We have prepared the hash map for string `s`. Now we will go through the letters of string `t` and subtract the letter's frequencies from the hash map. If we encounter a letter from string `t` that has no entry in the hash map then we can conclude that the given strings `s` and `t` are not anagram.

``````hashmap = {
a: 3,
n: 1,
g: 1,
r: 1,
m: 1
}

t = n a g a r a m
^
n is present in the hash map, decrement the entry.
hashmap = {
a: 3,
n: 0,
g: 1,
r: 1,
m: 1
}

t = n a g a r a m
^
a is present in the hash map, decrement the entry.
hashmap = {
a: 2,
n: 0,
g: 1,
r: 1,
m: 1
}

t = n a g a r a m
^
g is present in the hash map, decrement the entry.
hashmap = {
a: 2,
n: 0,
g: 0,
r: 1,
m: 1
}

t = n a g a r a m
^
a is present in the hash map, decrement the entry.
hashmap = {
a: 1,
n: 0,
g: 0,
r: 1,
m: 1
}

t = n a g a r a m
^
r is present in the hash map, decrement the entry.
hashmap = {
a: 1,
n: 0,
g: 0,
r: 0,
m: 1
}

t = n a g a r a m
^
a is present in the hash map, decrement the entry.
hashmap = {
a: 0,
n: 0,
g: 0,
r: 0,
m: 1
}

t = n a g a r a m
^
m is present in the hash map, decrement the entry.
hashmap = {
a: 0,
n: 0,
g: 0,
r: 0,
m: 0
}
``````

We reached the last letter of string `t` and we never encountered any letter that is not present in the hash map. Hence both the strings are anagram and we will return `true`.
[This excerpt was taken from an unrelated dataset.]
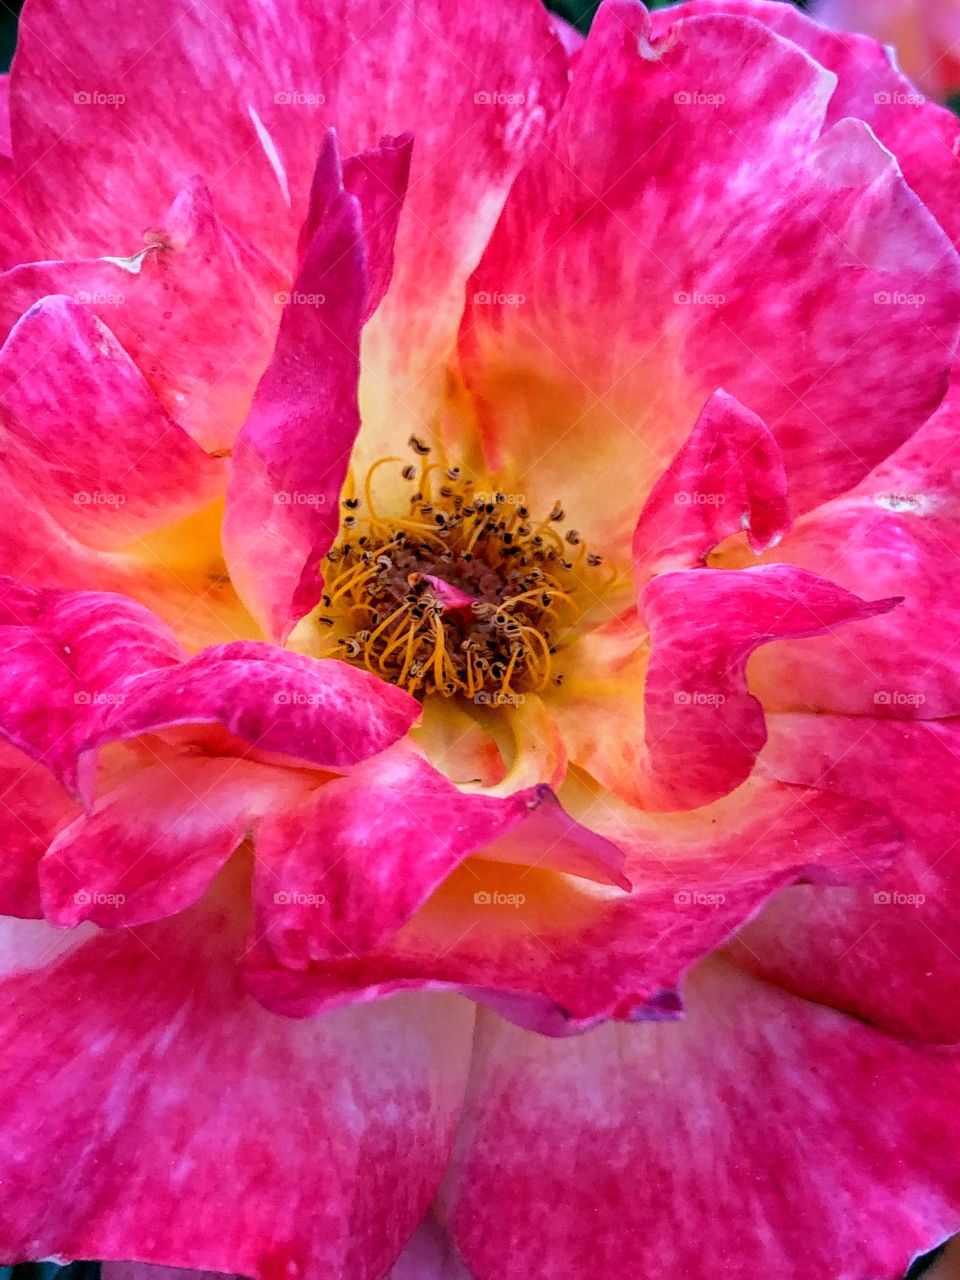 This is a photograph I captured of a beautiful pink rose that was in full bloom. The fragile petals were woven with multiple hues of pink and a pop of yellow in the center.

Let us look at example 2 having input string s = "rat", t = "car"

``````hashmap = {}

s = r a t
^
r is not present in the hash map, make new entry.
hashmap = {
r: 1
}

s = r a t
^
a is not present in the hash map, make new entry.
hashmap = {
r: 1,
a: 1
}

s = r a t
^
t is not present in the hash map, make new entry.
hashmap = {
r: 1,
a: 1,
t: 1
}
``````

Now we will look at the letters of string `t`.

``````hashmap = {
r: 1,
a: 1,
t: 1
}

t = c a r
^
c is not present in the hash map, input strings are not anagram, exit.
``````

## Code

JavaScript

``````/**
* @param {string} s
* @param {string} t
* @return {boolean}
*/
var isAnagram = function(s, t) {
if (s.length !== t.length) return false;

let hm = new Map();
for(let ch of s) {
if (hm.has(ch)) hm.set(ch, (hm.get(ch) || 0) + 1);
else hm.set(ch, 1)
}

for(let ch of t) {
const frequency = hm.get(ch);
if (!frequency) return false;
hm.set(ch, frequency - 1);
}

return true;
};``````

## Complexity

Time complexity: O(n)

In the first loop we go through all the letters of string `s`. Hence, if we have n letters then we will loop n times. Therefore, time complexity for the first loop will be O(n).

Next, we loop through all the letters of string `t`. In the worst case we have to go through all the letters and check them in the hash map. So, the second loop will also iterate n times. Therefore, time complexity for the second loop will be O(n).

Since we have the two loops and their individual time complexities is O(n) so, the final time complexity will be O(n) + O(n) i.e., O(2n) which is O(n).

Space complexity: O(n)

In the worst case, our hash map will save n elements. Thus the space complexity will be O(n).